---------- Raw data

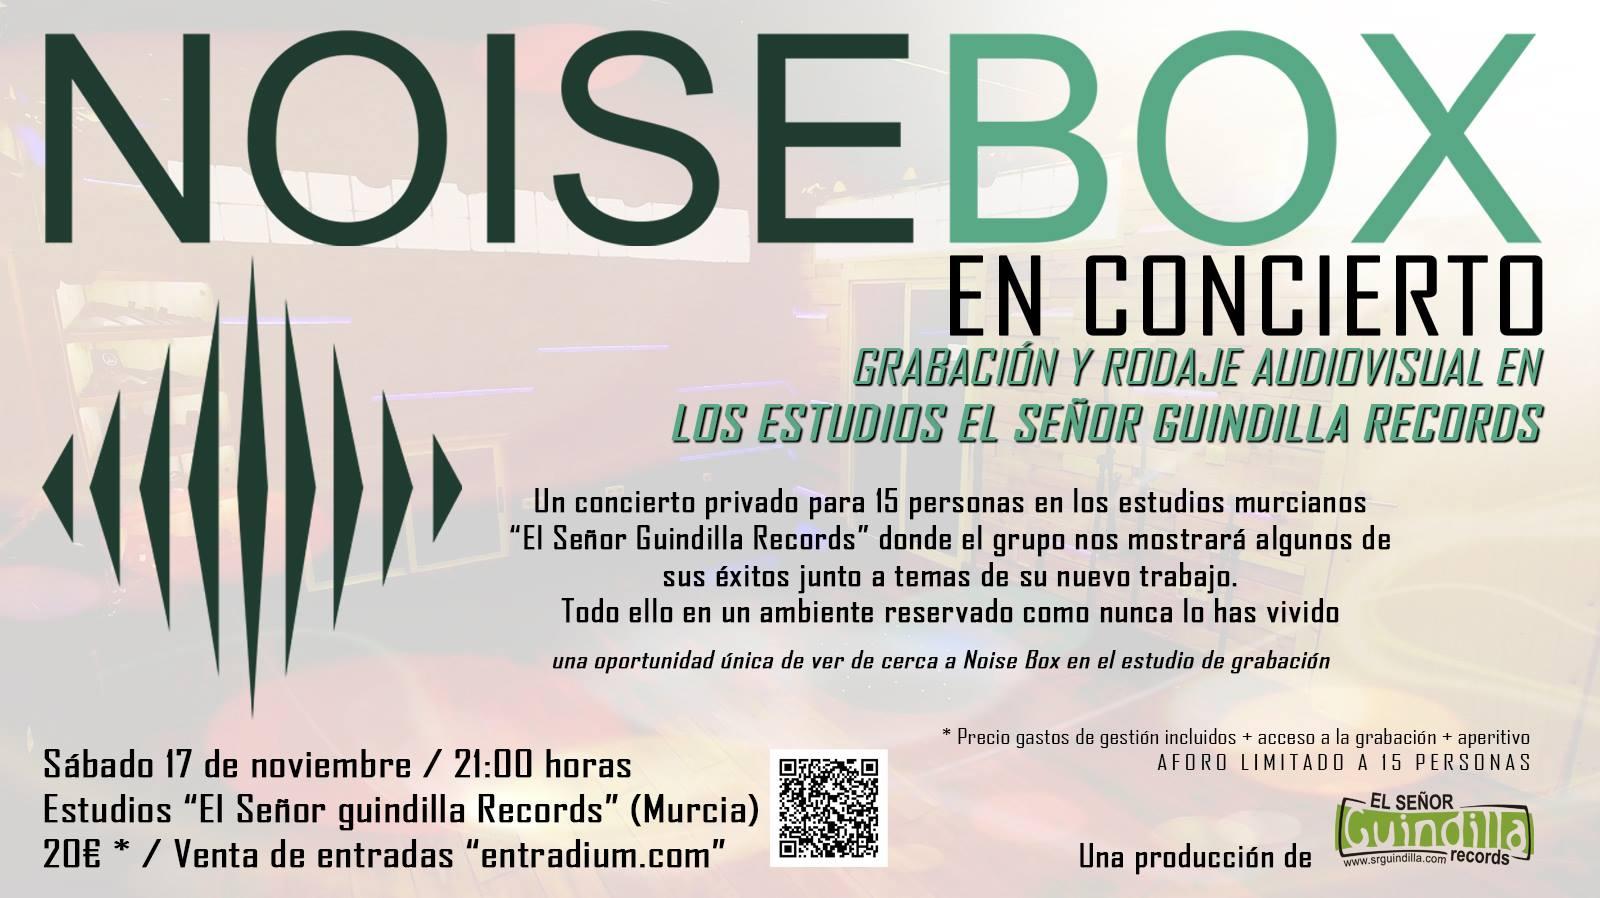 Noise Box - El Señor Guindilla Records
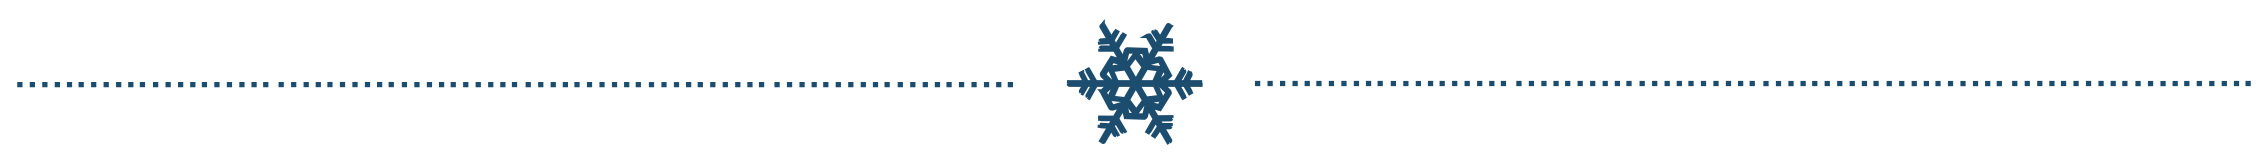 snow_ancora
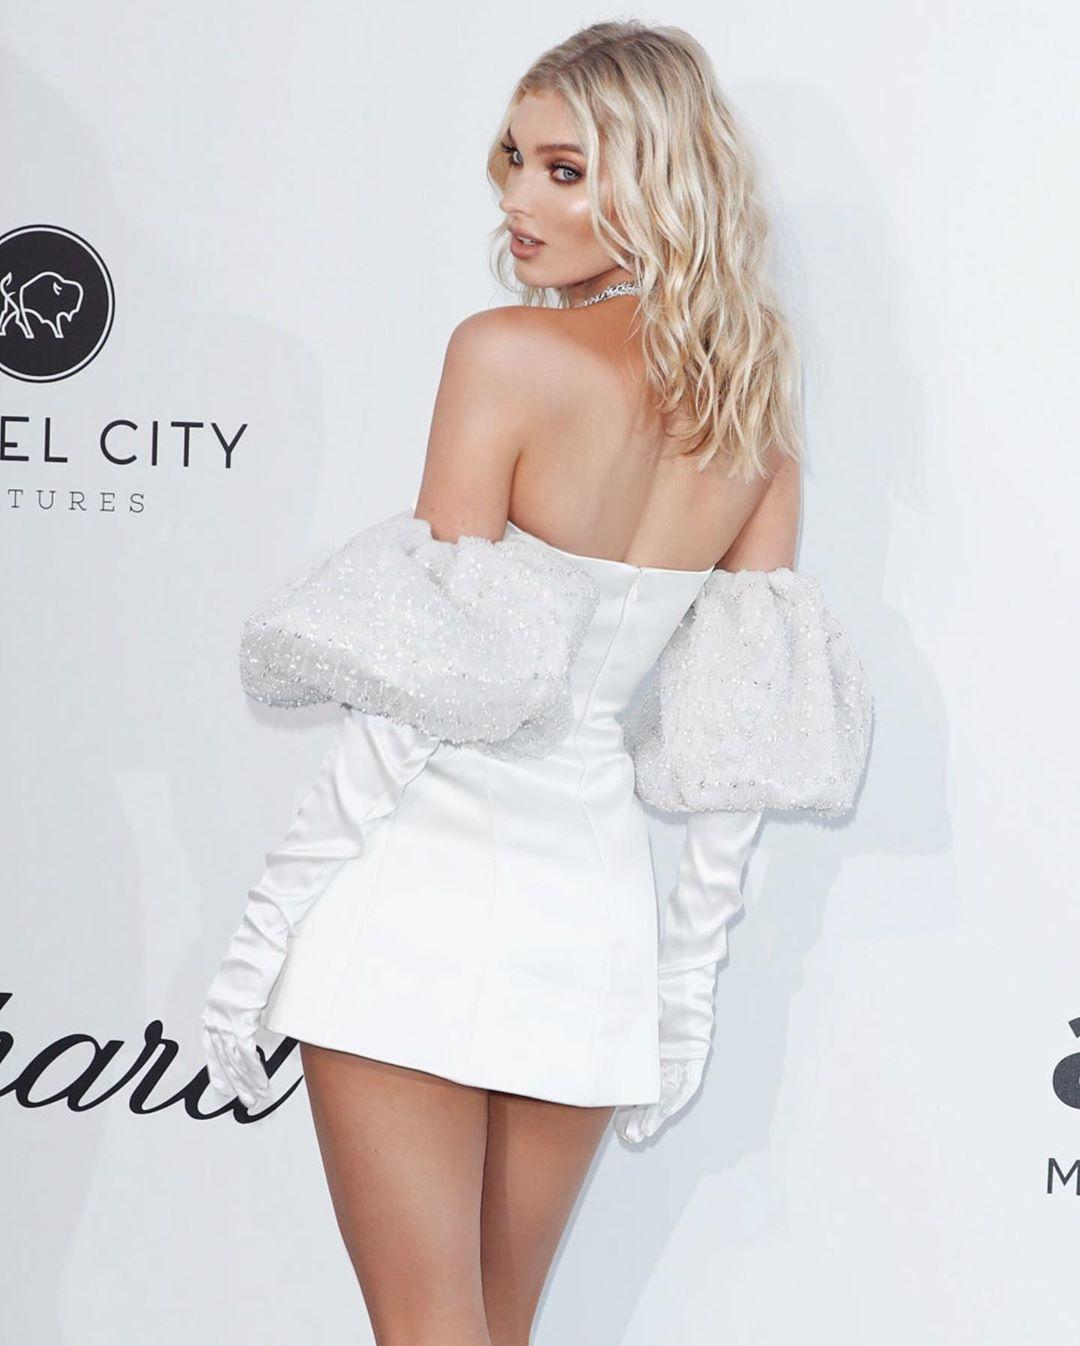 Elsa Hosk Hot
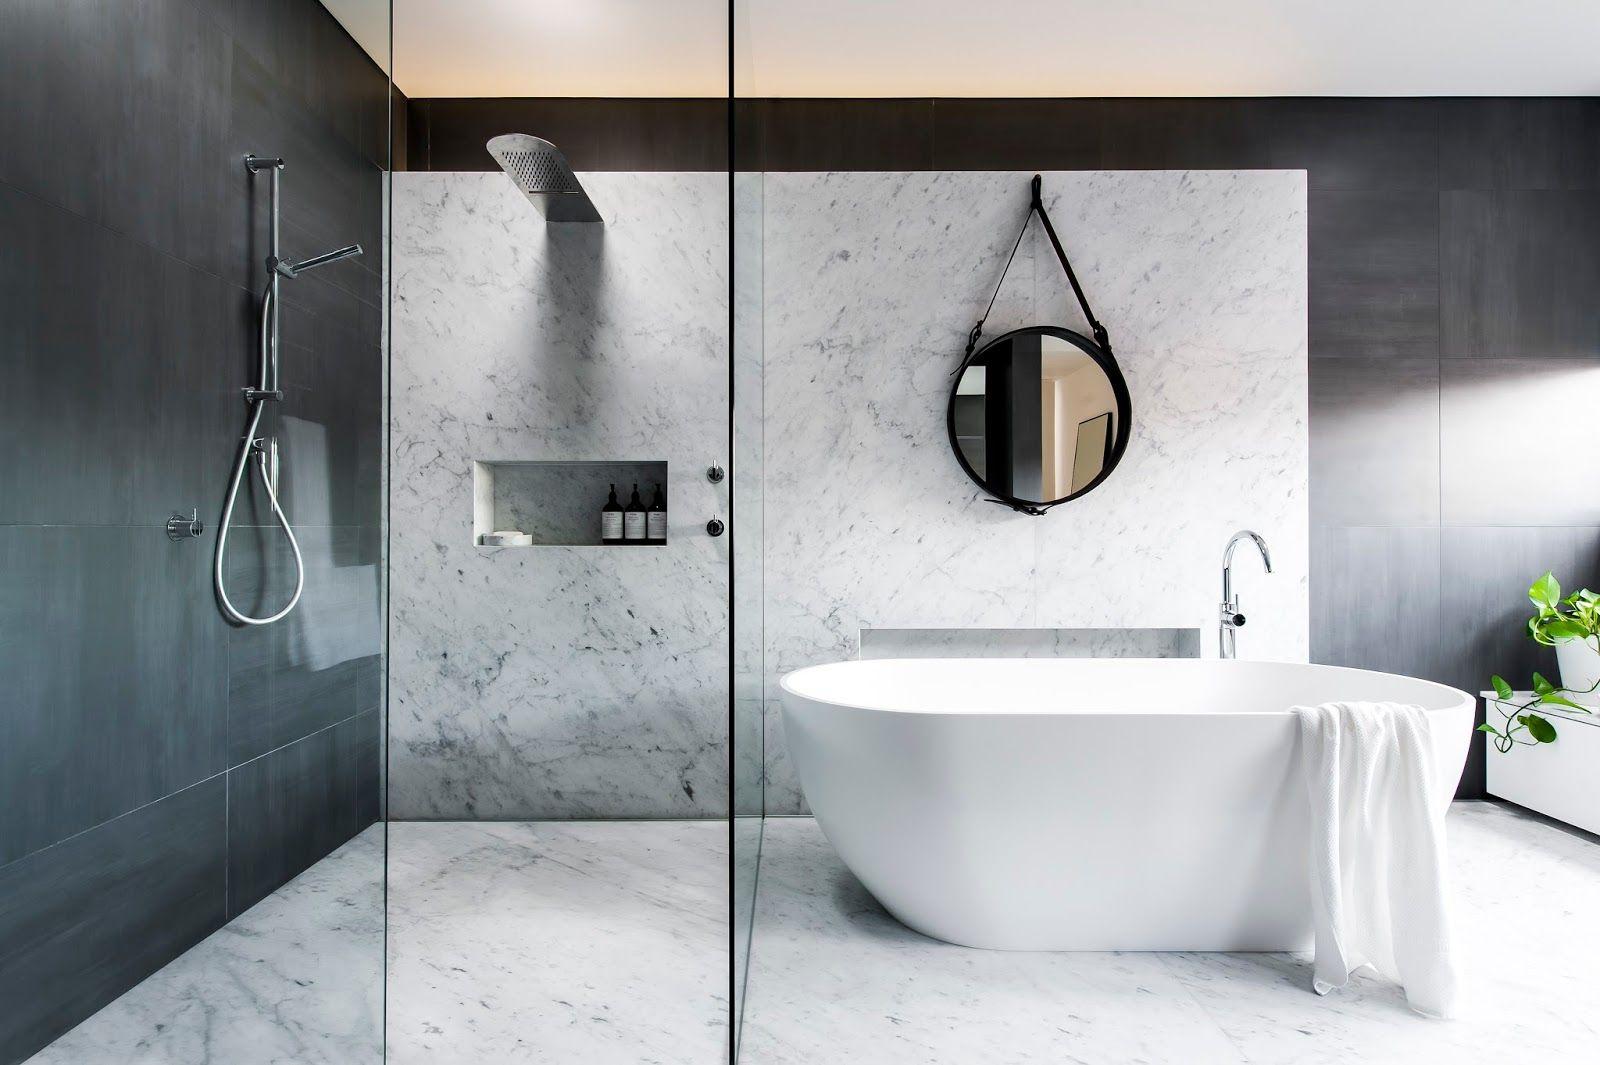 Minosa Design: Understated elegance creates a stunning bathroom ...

--------------------

The problem.
From the first line to the last, give the data again exactly, but without pictures.

Worked solution.
 Noise Box - El Señor Guindilla Records
 snow_ancora
 Elsa Hosk Hot
 Minosa Design: Understated elegance creates a stunning bathroom ...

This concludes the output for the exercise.